The CLI is a comparative index and does not entail normative standards for caseload levels.
Discussion
While it is clear that caseload is highly relevant to workforce planning, client service provision and staff management, it is far from clear as to the best procedure for determining caseload. We have identified seven factors that might be considered in a calculation. In each case, there are difficulties associated with either the validity of the factor or the reliable measurement of the factor. Decisions about the use of specific factors may also be influenced by the primary objective. If the main purpose is to optimize service efficiency, contact frequency may not be a useful measure. On the other hand, if the primary objective is to achieve workload equity, contacts and response difficulty may be very important.
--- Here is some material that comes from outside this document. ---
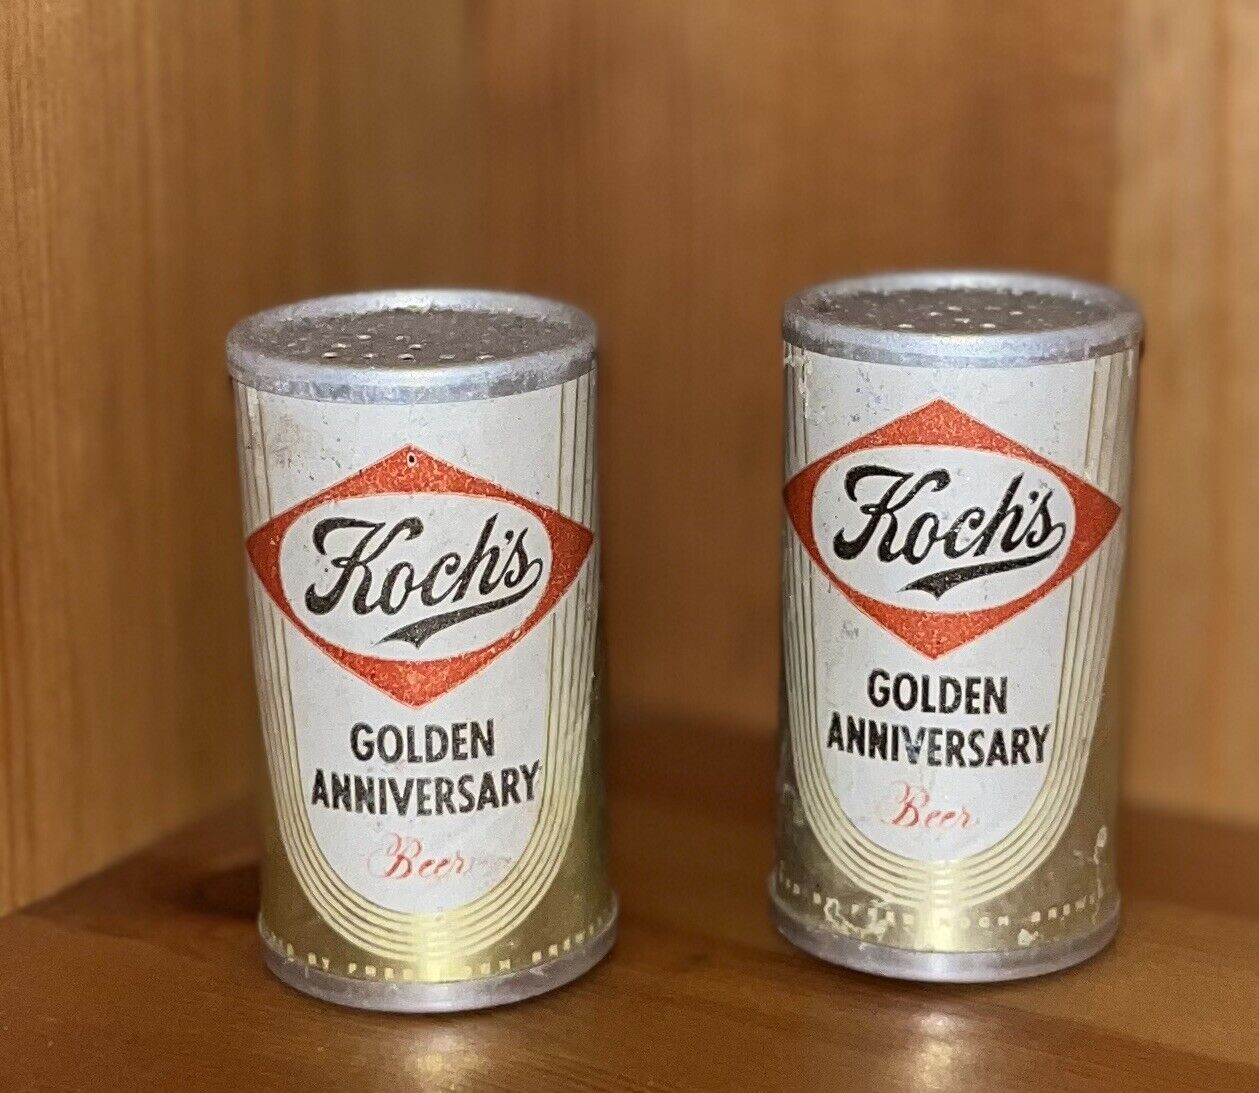 Kochs Golden Anniversary Beer Vintage Salt And Pepper Shakers Collectors Item
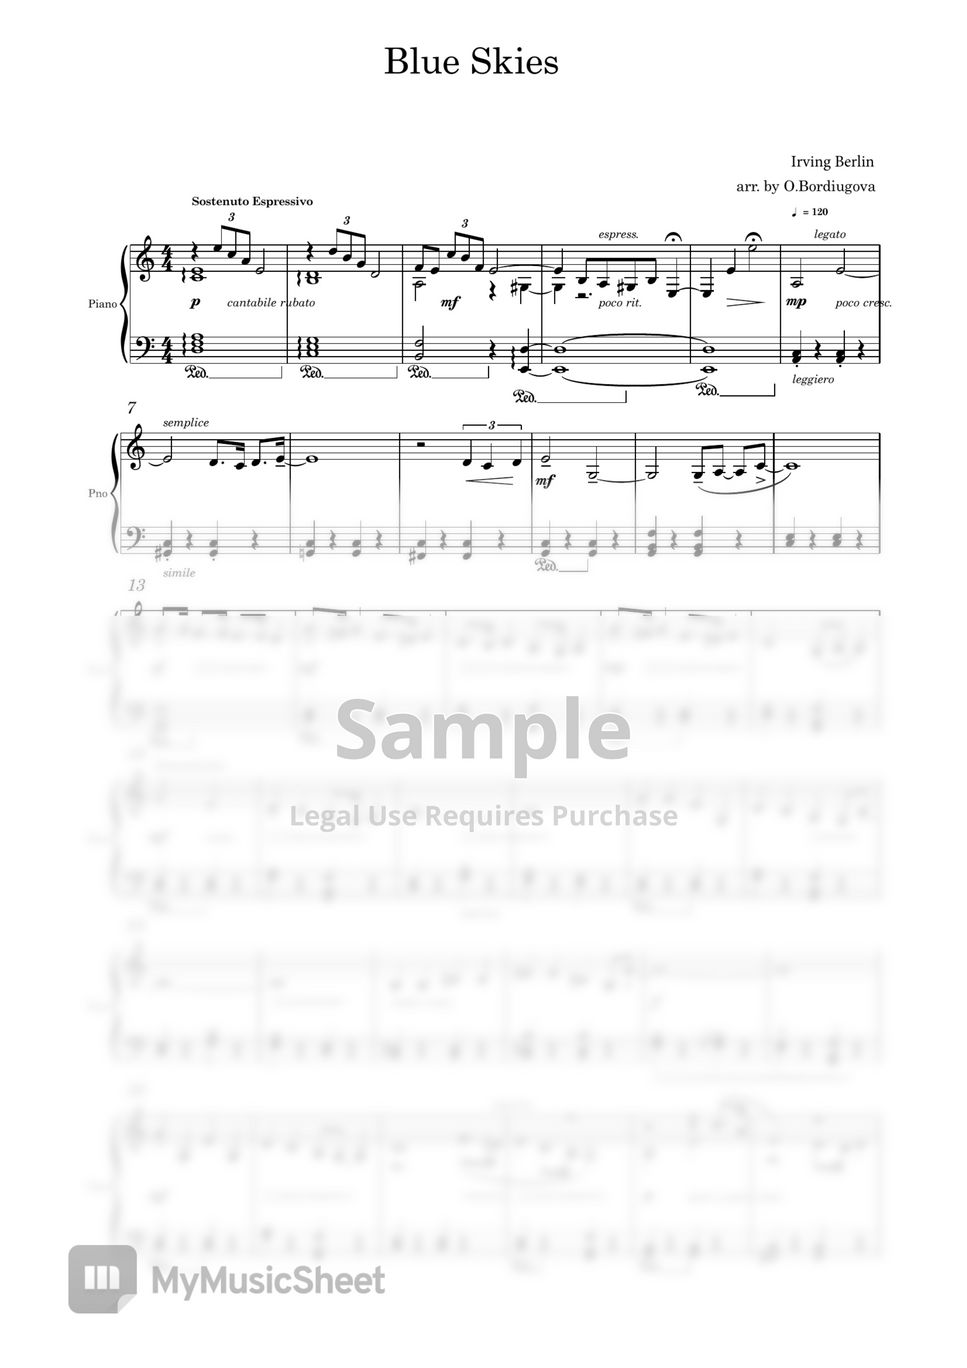 Irving Berlin - Blue Skies (Easy Piano Arrangement) by Edora

It is also evident that, even where relevant factors can be identified, the quantification of these factors may be difficult. We have suggested that it is possible to develop caseload algorithms that can be used in calculating caseload. However, we must acknowledge that the quantification of some of the variables that are used in an algorithm is at best approximate. This would appear to be equally true of the approach reported by Meldrum and Yellowlees [18] where clinical complication and community liaison scores have unknown validity and reliability.
There is need for a great deal more research, designed to quantify the effect of the seven variables on workload and ultimately on client outcome. In the absence of such research, team leaders and service managers are required to make judgements, based on their experience and priorities, as to the extent to which the specified variables are considered in determining caseload. While we acknowledge the difficulties associated with this process, the importance for equity and efficiency means that difficulty is not sufficient excuse for failing to attend to caseload issues. The methodologies presented represent rational approaches to the problem and provide the service manager or team leader with tools that supplement those provided in the earlier work by Meldrum and Yellowlees [18].
What remains to be done is to implement and test algorithms, developed from the methodologies outlined here, over an extended period of time. We need empirical data concerning the impact of caseload management on both quality of client care and on the wellbeing of case managers. This process will facilitate progress from concept to clinical tool.